Thus, an array of x can be represented by an integer y, and then the state of f(x) can be represented by the array dp[y]. So let’s do an example. There is a very simple integer representing the information of an array, so this DP is also called state compressed DP.
Example: the maximum fraction sum of N operations
The title
I give you A[], which is an array of positive integers of size 2 by n. You have to perform n operations on this array. For operation I (operation number starting from 1), you need:
Step 1. Select two elements x and y.
Step 2. Obtain scores I * GCD (x, y).
Step 3. Delete x and y from A[].
After returning n times, find the score and the maximum. The function GCD (x, y) is the greatest common divisor of x and y.
Input: A = [3,4,6,8]
Output: 11
Explanation: The optimal operation is:
(1 * gcd(3, 6)) + (2 * gcd(4, 8)) = 3 + 8 = 11
Note: The maximum length of the array is 14.
Analysis of the
So when we get this problem, let’s first simplify it, turn this problem into an equivalent problem.

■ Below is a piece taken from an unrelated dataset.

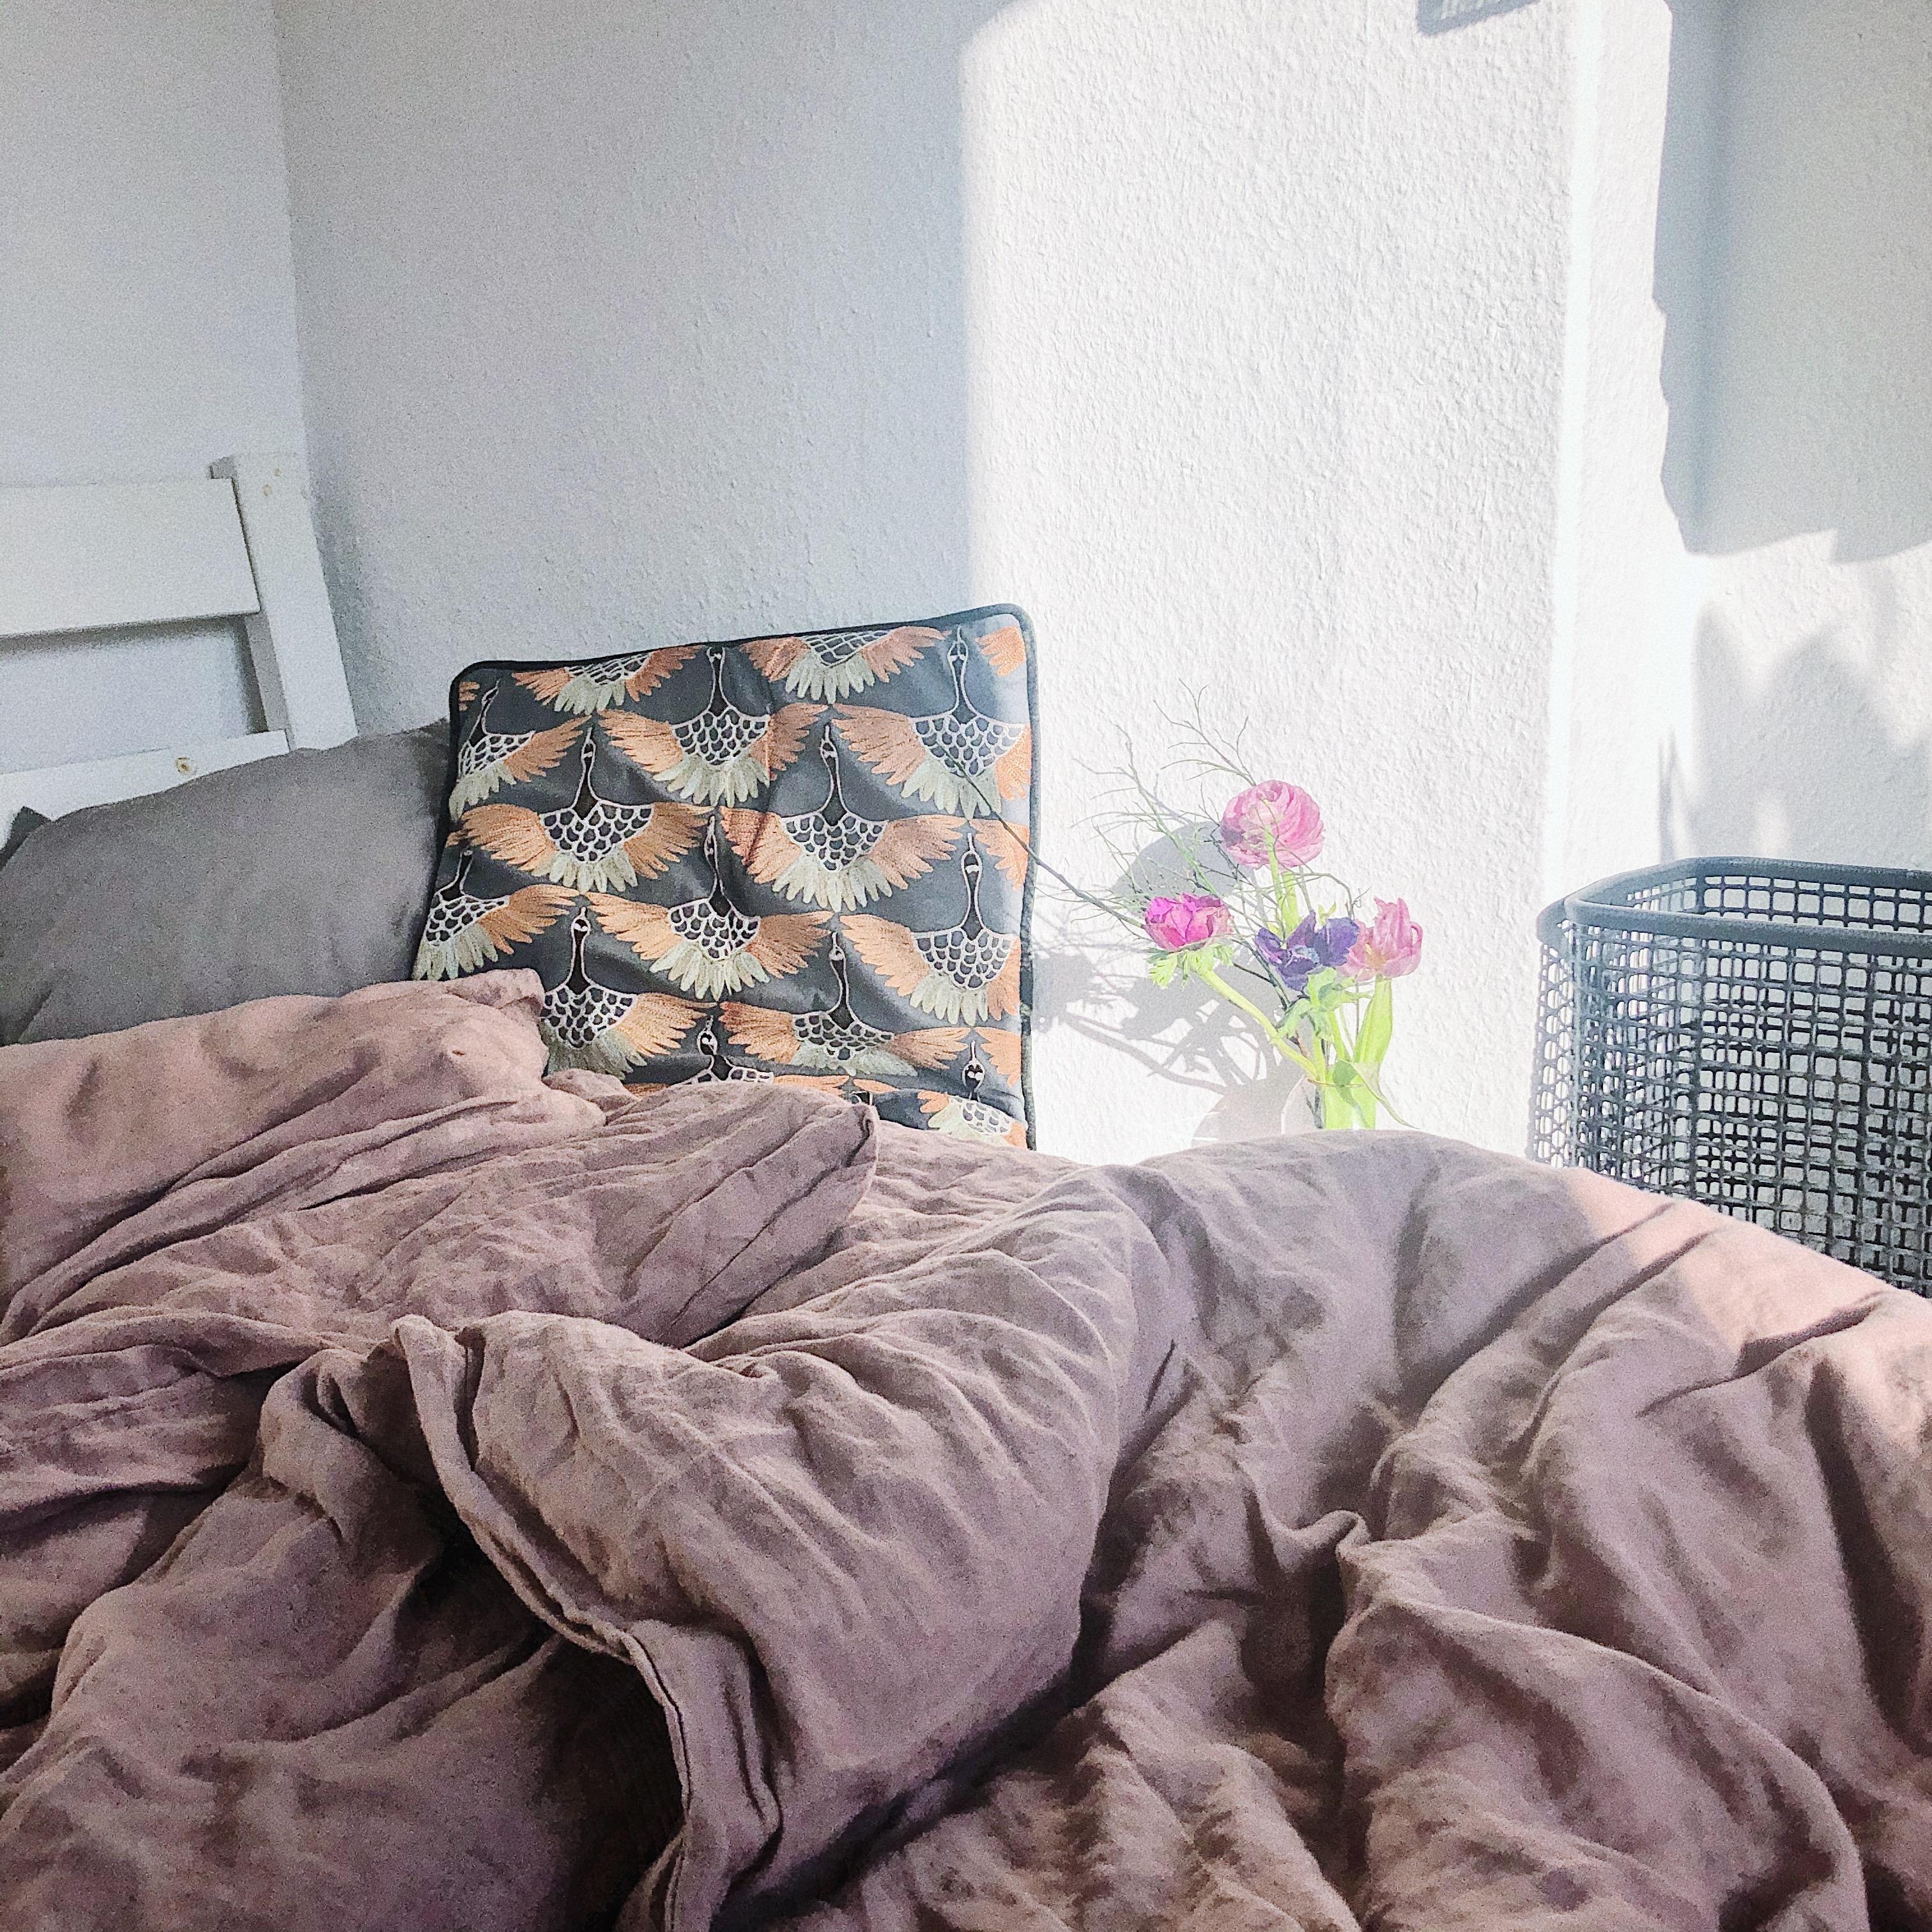 Guter Platz... 💫
#Schlafzimmer #Bett #Details #Blumen #Leinenbettwäsche

Given the delete operation, we can place the deleted element in an array C[] as follows:
(1 * gcd(3, 6)) + (2 * gcd(4, 8)) = 3 + 8 = 11
Can also be considered as:
- <3, 6> = 1 * GCD (3, 6)), C = [3, 6]
- <4, 8> = (2 * GCD (4, 8), C = [3, 6, 4, 8]
- The final return is equal to 11
And they could simplify it like this.
You start with an empty array C and an array A[] with elements. You need to do the following:
Select two numbers x,y from A and delete them from A[];
Put these two numbers in C;
Get the score Len (C) / 2 * GCD (x, y).
Figure out how to operate to get the maximum score.
The nice thing about this is that instead of keeping track of the number of steps, we can just look at the size of the current array C and get the current number of steps. So the number of steps is equal to the size of the C array divided by 2.
Next, we will make an analysis based on this slightly modified equivalent problem. Note two pieces of information:
- The maximum
- The array itself is not too big
So let’s analyze the first piece of information and get the maximum, so let’s try DP here. And the second piece of information tells us that if you do a violent search, there are actually only 2N states in the space. It’s not particularly big.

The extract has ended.